Are there advisers who can help us with this? How can I convince the older generation that we have to plan if the farm is going to have a future?
To answer your first question, yes, competent family business advisers do exist. I have colleagues across the country who, like me, have been working in this area and helping farm families like yours for many years. But getting help from them requires that all family members agree to the process.
Now for your second question. Often, as in your case, convincing the older generation can seem to be an almost hopeless task.
There are many possible reasons for your parents' hesitation (and it's likely both of them are hesitating, not just your dad). Planning transition, for some, is akin to planning for death. The complexity of the process can be daunting, too.
Most likely, though, the biggest stumbling block to making a plan is their worry that they won't do the right thing by their children.
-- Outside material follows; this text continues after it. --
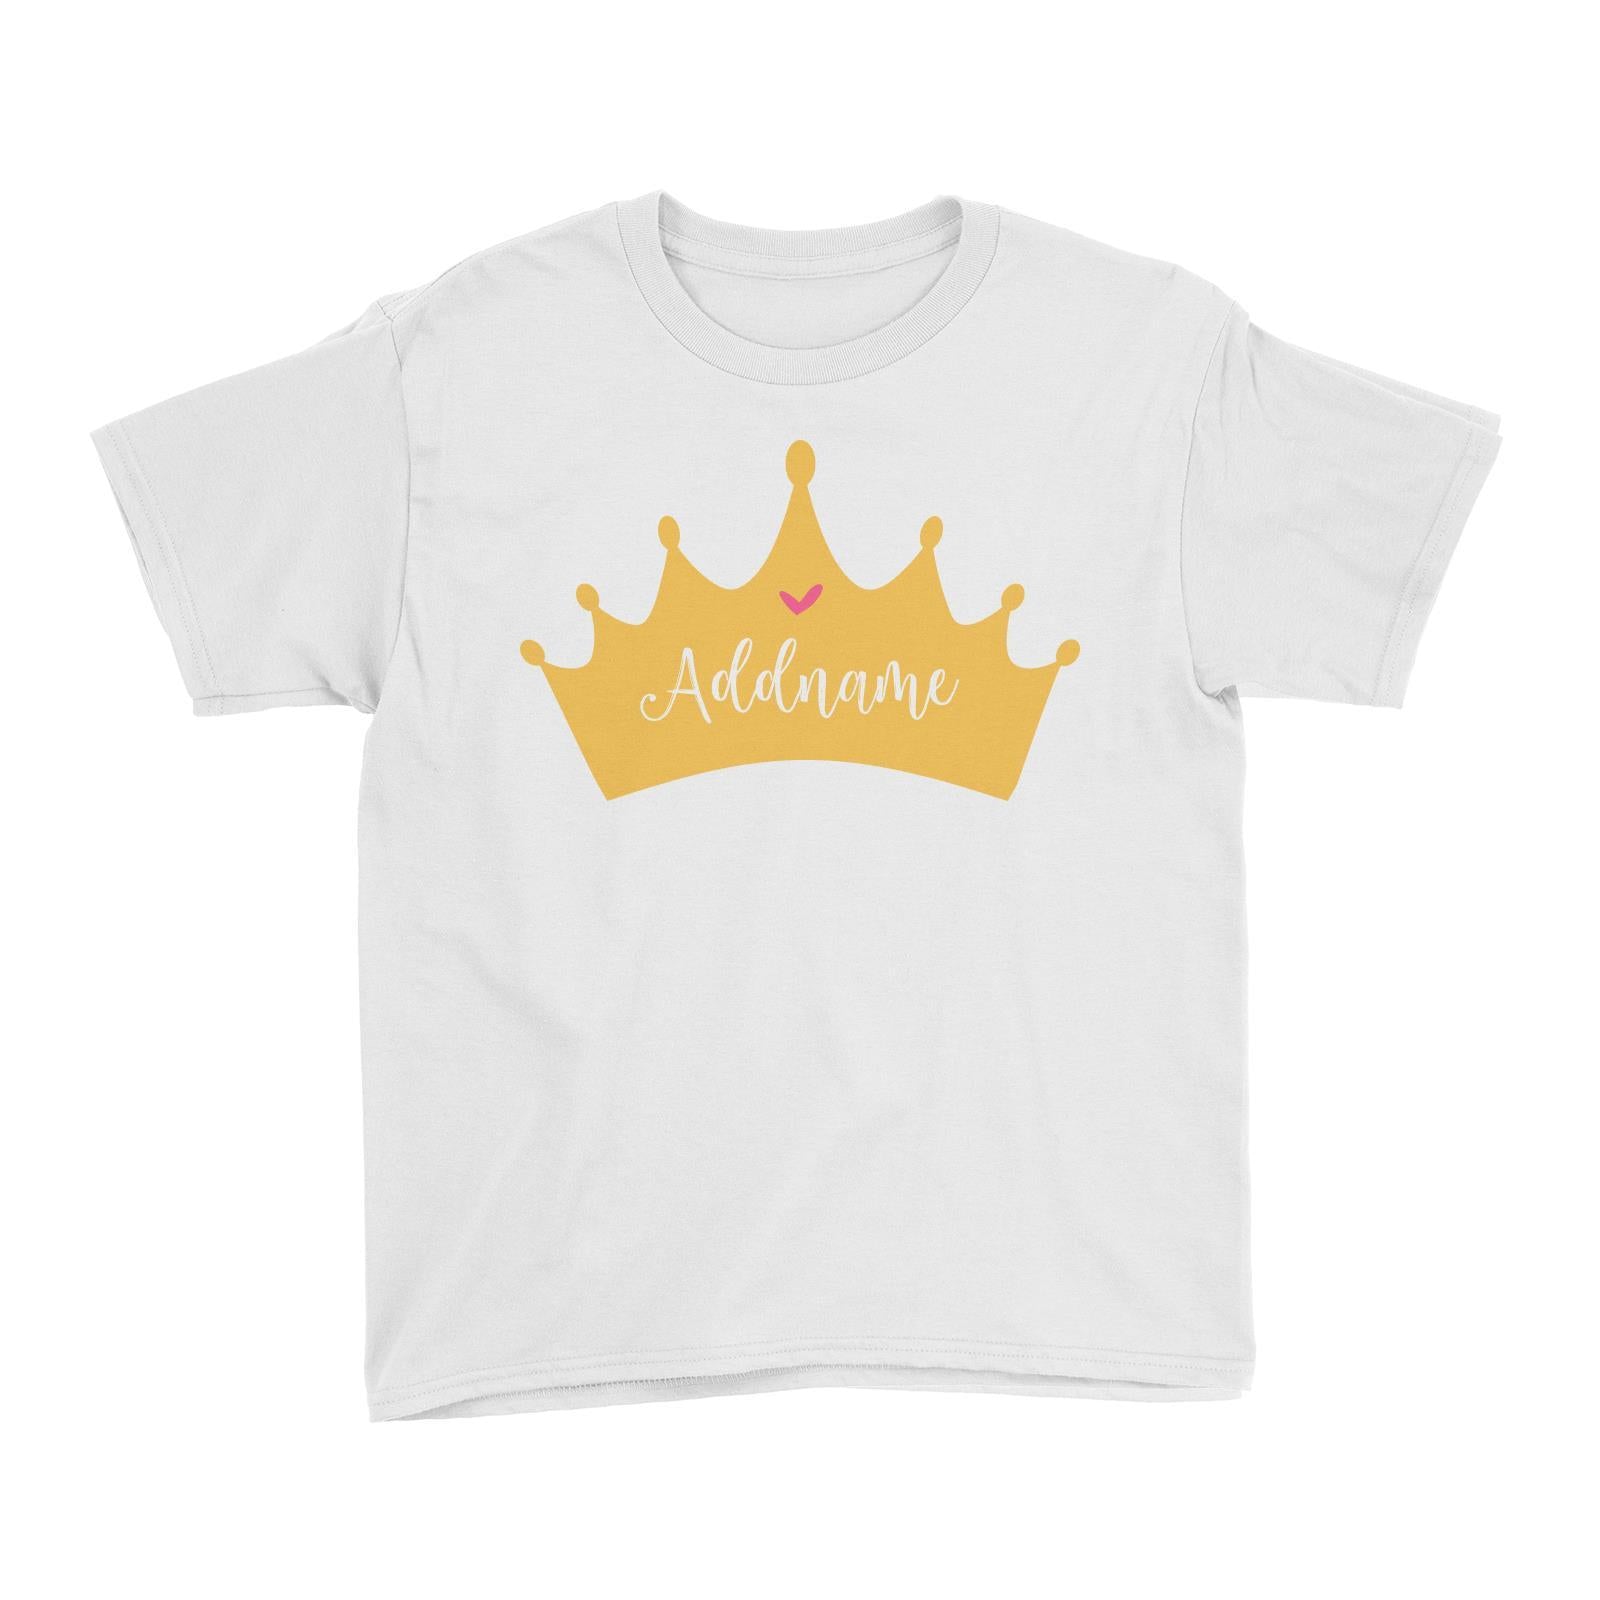 Princess Addname in Tiara Kid's T-Shirt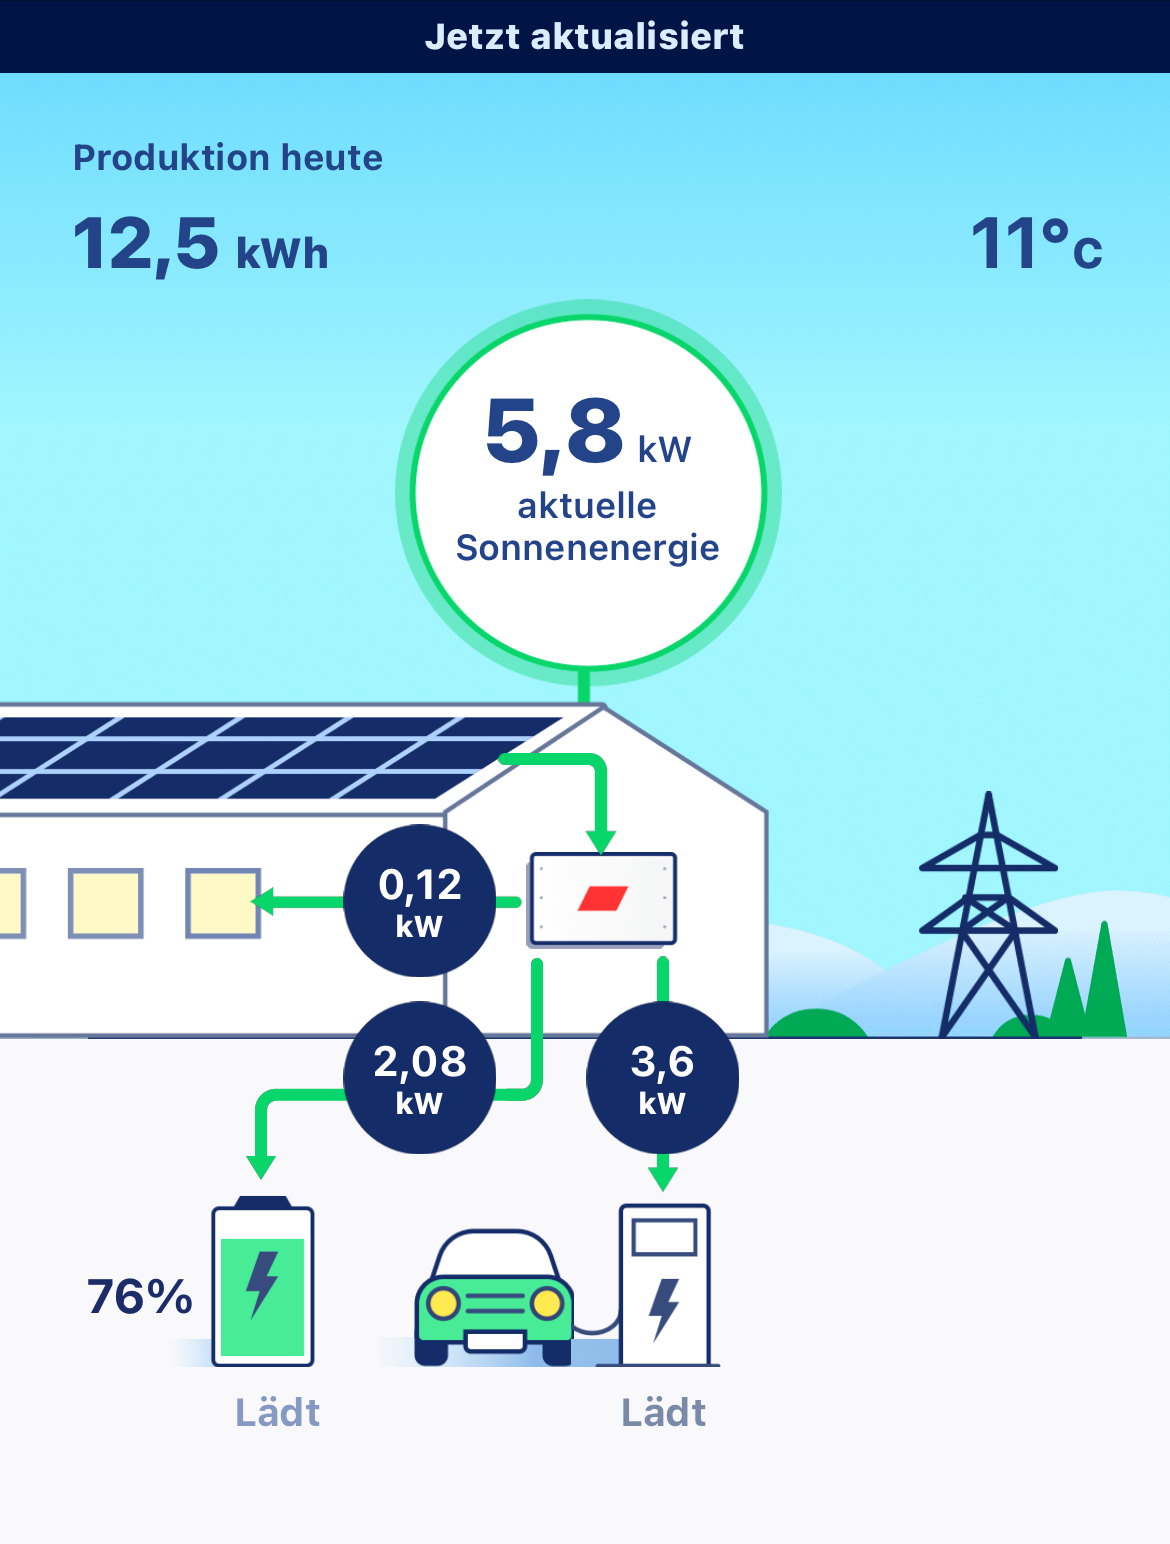 Solaroptimiert Nutzung von Photovoltaik: Nicht nur das Haus oder Unternehmen kann kostengünstig mit selbsterzeugtem Strom versorgt werden, sondern die Einbindung aller Verbraucher z.B. Elektrofahrzeuge macht sehr viel Sinn.

This is where you and your brother could first try to unite and agree on your goals. As long as your parents worry that they would have to choose between your competing desires, they will continue to resist making any decisions.
If you and your brother can express your shared concerns and combined desire to work out a future that satisfies both generations, you could help to take that burden off their shoulders.
It's important to consider the possibility that your parents are struggling with the fair vs. equal trap. You and your brother could accomplish a lot by telling them that you are both willing to help them work out a good solution, as well as compromise your own individual sense of what is right and fair in order to settle on a transition plan that works for everyone involved.
If your parents still refuse -- which is their right -- your options are severely limited, but you'll have tried. Also, your brother should then give strong consideration to his own future and whether he can afford to spend his best years building a future that is undefined and over which he has little or no control.